I think this took a very difficult subject and made it even darker.
Jamila, I'll start with you.
- I definitely agree, Stephen, and I think one of the things that impacted is the isolation, one, and then two, just this notion of literally living through a pandemic where grief and loss and trauma are at the forefront definitely impacted everyone when it comes to depression, anxiety, fear, not even feeling comfortable if you could interact with your family members, fear of losing people.
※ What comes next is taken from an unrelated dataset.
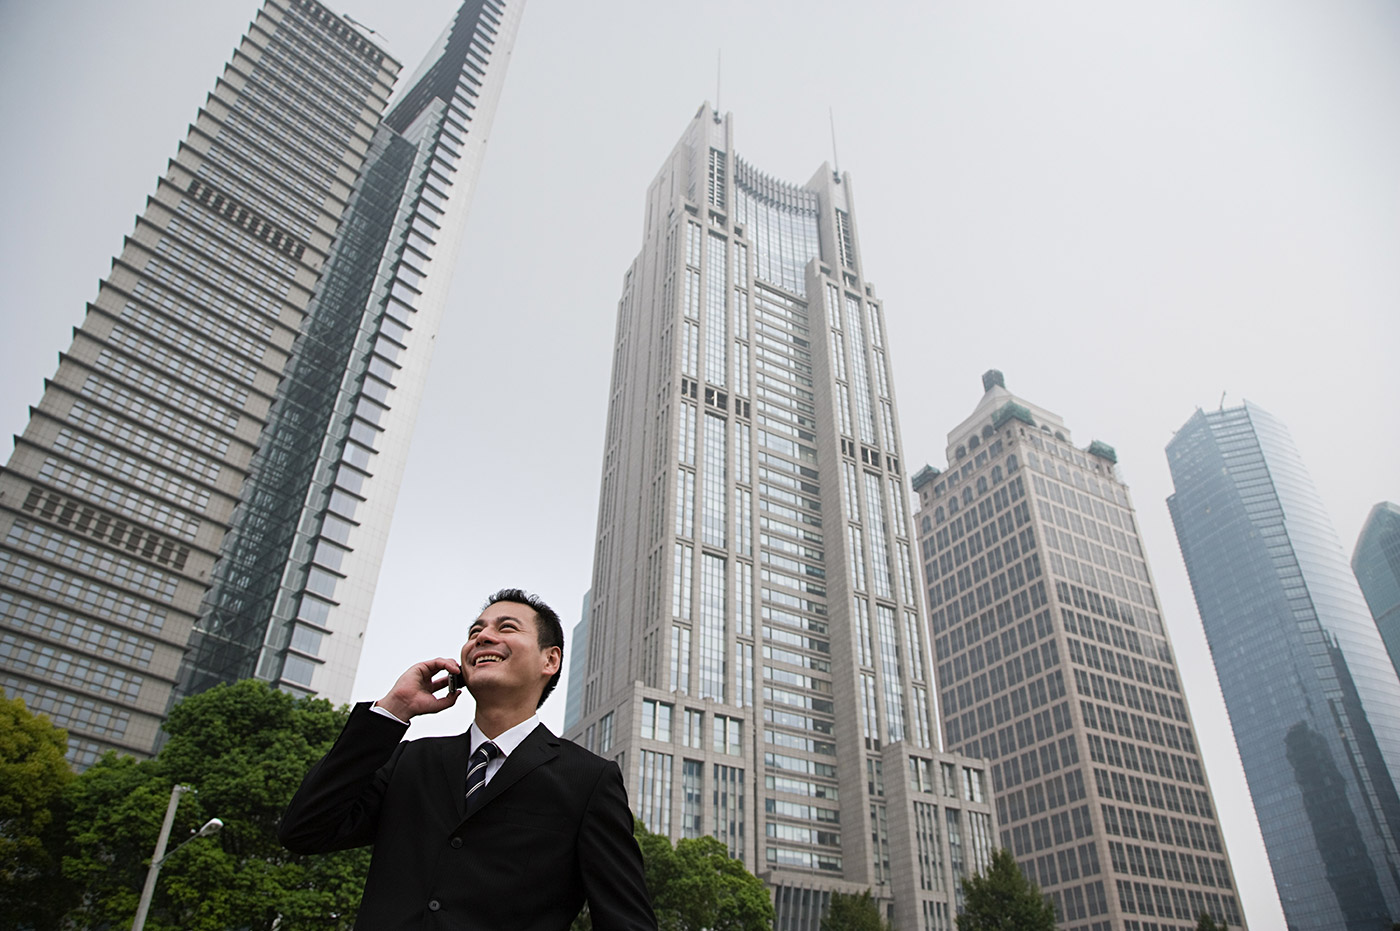 A man talking on a cellphone in front of some skyscrapers.

So it definitely has escalated symptoms in individuals who already had a diagnosis but then secondly, it caused other people to may have a diagnosis that necessarily wouldn't have had one prior to the pandemic.
- You know, the pandemic is technically over.
I mean, at least much of the disruption of the pandemic is behind us.
And so I think that is also telling people, in some ways, that the problems of the pandemic are not necessarily with us anymore.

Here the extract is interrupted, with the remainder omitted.